Cela allait être un drame. Non, c’était un drame ! À vingt-quatre heures du concert, un instrument d’époque qui lâche, on peut légitimement appeler cela un drame. En quelques vingt-cinq ans de tournées à travers toutes les communautés humaines, Cole Runner avait connu toutes sortes de désagréments, mais il avait toujours assuré la prestation. Comment allait-il réussir ici, dans cette région montagneuse tout juste rescapée des bouleversements climatiques du siècle dernier ? Il se tordait les mains sur la scène désertée, suppliant le ciel de l’aider ou de le détruire sur le champ. Les derniers nuages de la mousson d’été lui répondirent en lâchant une ondée crépitante.
Les gradins gonflables, pour l’instant aussi flasques que des outres vides, laissaient le regard du producteur britannique errer sur le lac. Sa surface gris acier était hachée par l’averse. L’explosion de chaque goutte soulevait une brume épaisse qui transformait les montagnes toutes proches en ombres menaçantes.

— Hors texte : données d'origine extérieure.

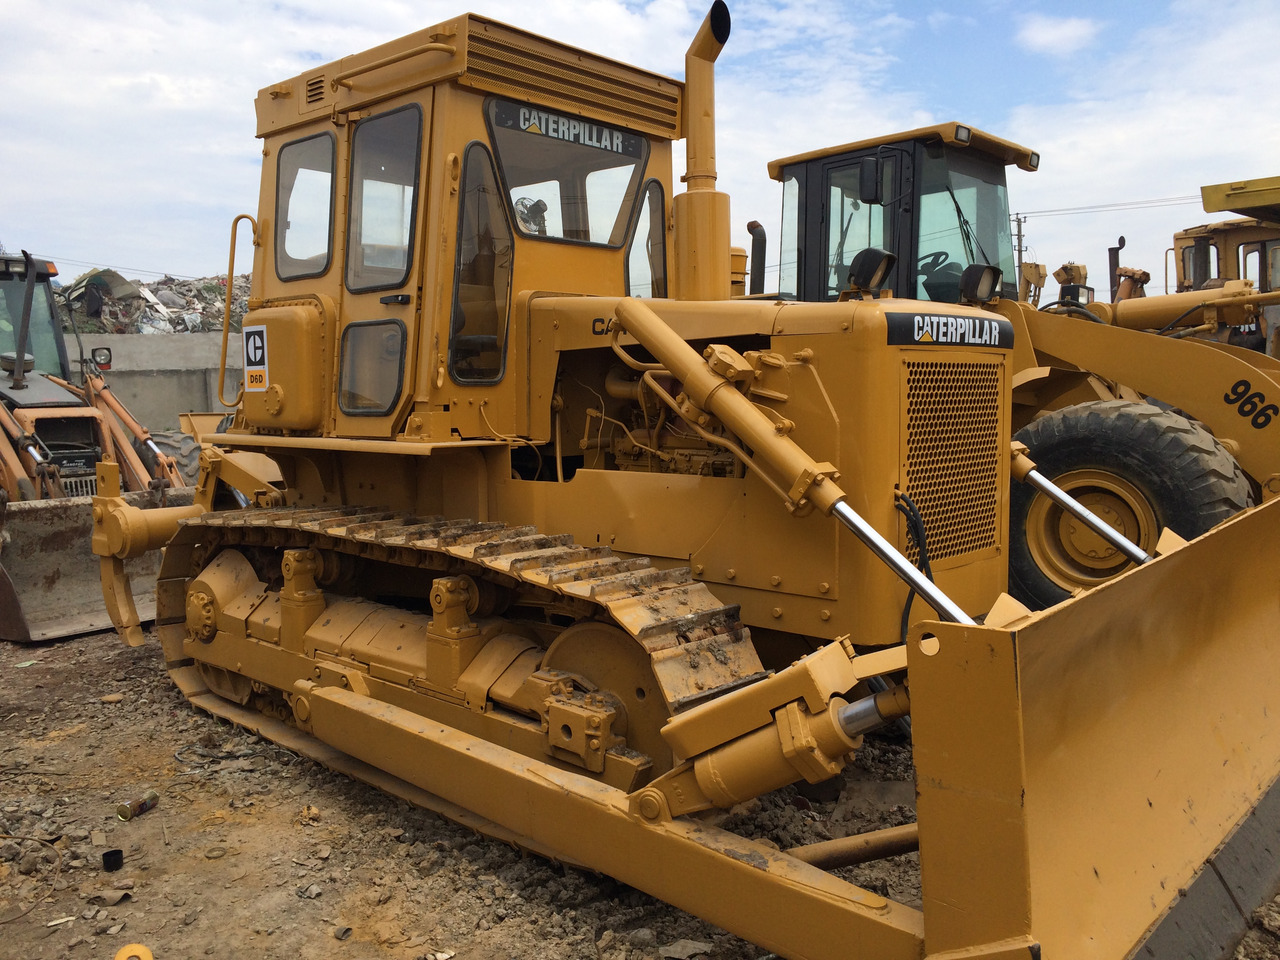 Yeni Buldozer Famous brand CATERPILLAR used D6D in  good condition for sale: fotoğraf 6

Les musiciens s’étaient déjà repliés sur l’auberge. Qui viendrait en aide au producteur malchanceux de ce groupe venu de si loin – rendez-vous compte : High London – pour égayer un anniversaire savoyard. Cole en pleurerait presque. Et tout cela à cause d’un instrument fichu…
― Faut pas vous mettre dans des états pareils, mon gars. On va te le réparer.
« Mon gars ! » Le britannique maîtrisait assez le français local pour saisir le mélange de commisération et de familiarité qui irriguait cette expression. Depuis combien de temps n’avait-on pas appelé ainsi le grand Cole ? Il était plus habitué à « King », ou « Rolling Run ». Mais là, trempé, la crête rabattue sur le front et le jabot de chemise en deuil, il avait peut-être bien une tête de « mon gars ». Qui donc pourrait le sortir de ce guêpier ? Certainement pas la jeune paysanne en tenue de pluie qui avait assisté dans son coin à cette désastreuse répétition et venait de l’apostropher sans considération.
― Parce que vous sauriez réparer un instrument vieux de plus d’un siècle, peut-être ?
La jeune femme à l’air finaud lui répondit en l’invitant à la suivre :
― Moi, non. Mais mon oncle oui, sans doute.
Elle se présenta :
― Lisa Astruz, co-organisatrice du bicentenaire.
Autant pour la paysanne, pensa Cole qui se souvint avoir croisé le nom d’Astruz sur les contrats.
― Ah… et moi Cole Runner, producteur du… fiasco.
Il empoigna la housse de l’instrument détérioré et lui emboîta le pas. Après tout, il avait peut-être une chance de sauver la face. Et puis son interlocutrice lui tendait une cape imperméable assez tentante sous cette averse.
Ils rejoignirent le rivage à bord d’une barque à induction, traversèrent Aix-les-Bains – « Aix-la-Douche, oui ! » pensa Cole – sans croiser personne dans les rues inondées, puis montèrent à bord d’un compartiment d’éobus en partance pour…
― Mais où allons-nous exactement ?
― Vallée de l’Arve, mon gars. Si on ne trouve pas ce qu’il faut là, on ne trouvera nulle part !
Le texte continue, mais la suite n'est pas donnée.